I have a dataframe that was read in from a file which was tab separated but had within it a column which was semi-colon separated. This column contains most of my actual variables of interest however it is not sorted as some rows contain more information than others, and some rows have duplicate values. The variables of interest do however contain an identifier as pat of their string e.g. “gene eno”.

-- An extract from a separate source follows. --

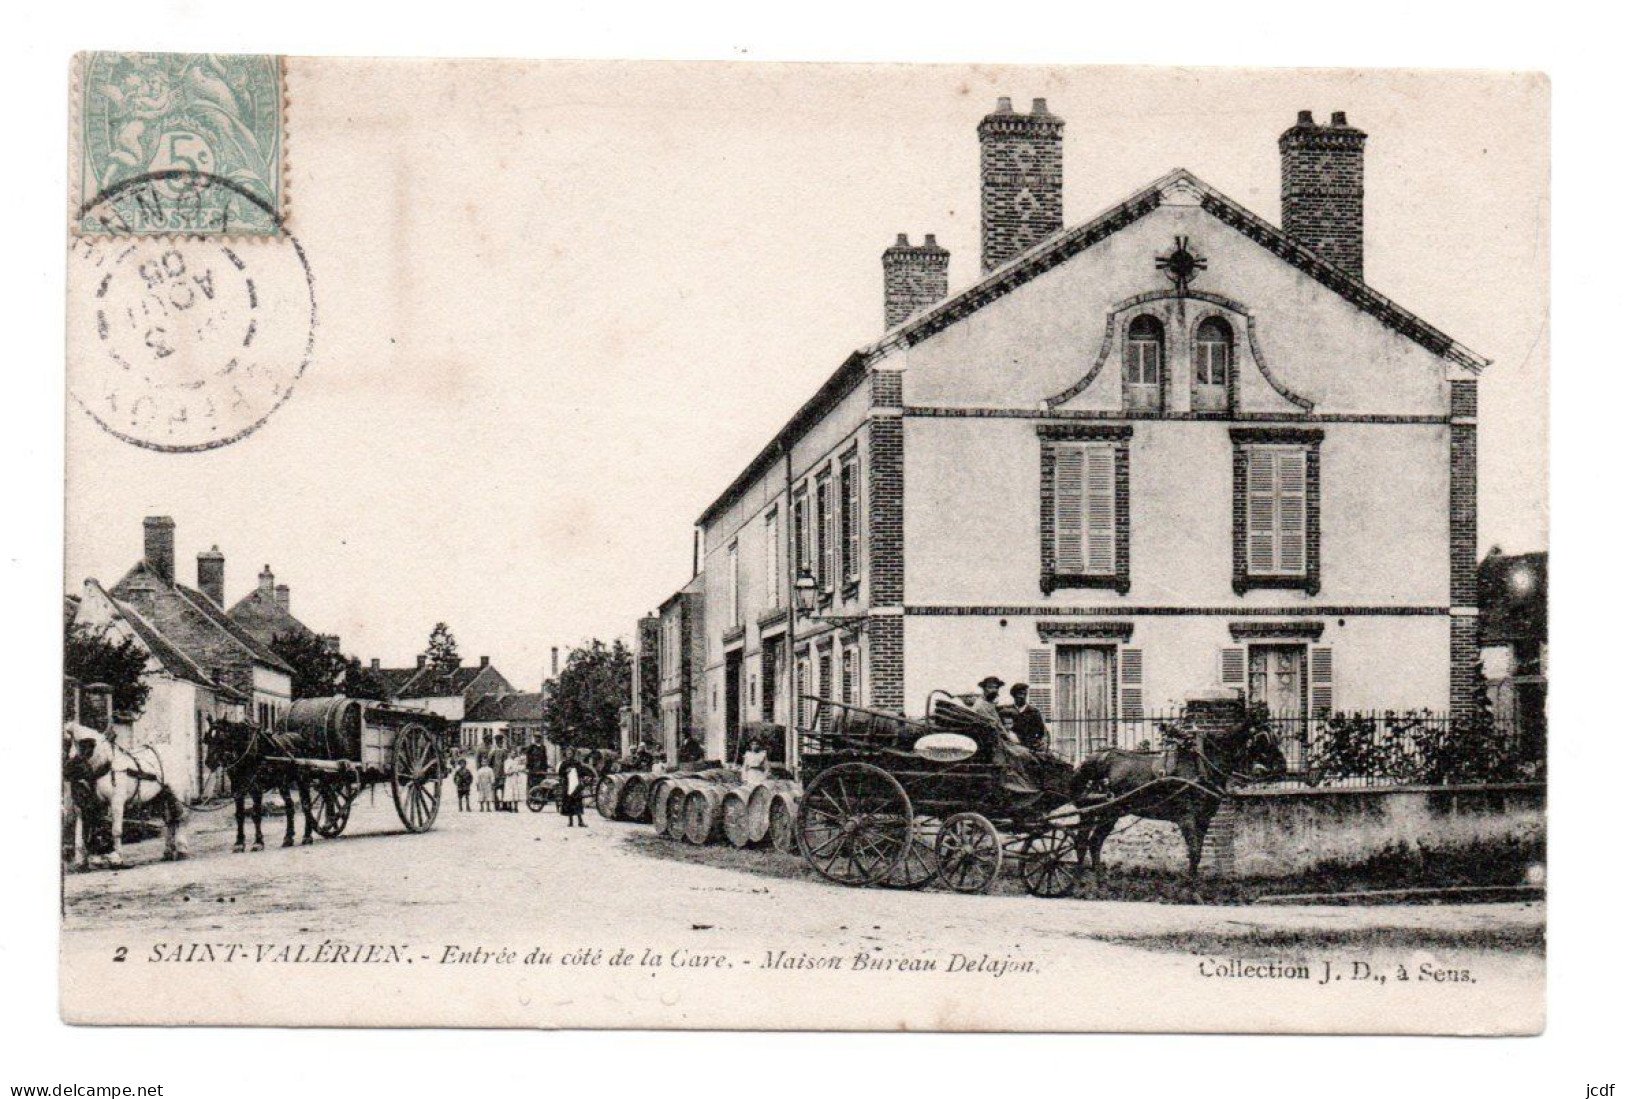 89 ST SAINT VALERIEN Entrée Du Côté De La Gare - Maison Bureau Delajon N° 2 - Coll JD 1905 - Tonnelier Négociant En Vins - Saint Valerien

For each row I would like to identify and paste together all values where there is a match for a given identifier as below:
Current dataframe:
Column A | V9_01 | V9_02 |
---|---|---|
CDS 1 | Index123 | gene “pla” |
CDS 2 | gene “dah” | |
CDS 3 | gene “blah” | Location:456 |
CDS 4 | gene “do” | gene “rah” |
CDS 5 | Index127 | Location893 |
Desired dataframe:
Column A | V9_01 | V9_02 | Gene_Name |
---|---|---|---|
CDS 1 | Index123 | gene “pla” | gene “pla” |
CDS 2 | gene “dah” | gene “dah” | |
CDS 3 | gene “blah” | Location:456 | gene “blah” |
CDS 4 | gene “do” | gene “rah” | gene “do”, gene”rah” |
CDS 5 | Index127 | Location893 | NA |
I have made the current dataframe using the following code to read in the original file:
DP_GTF<-read.delim("E:/Genome_Files/GTF/DolosPig51524.gtf", sep = "t", comment.char = "#", header = F) %>%
subset(V3=="CDS") %>%
#select(c("V9"))%>%
cSplit("V9",";")
I’m not sure how to get my desired dataframe but assume I need to run grep over part of the dataframe?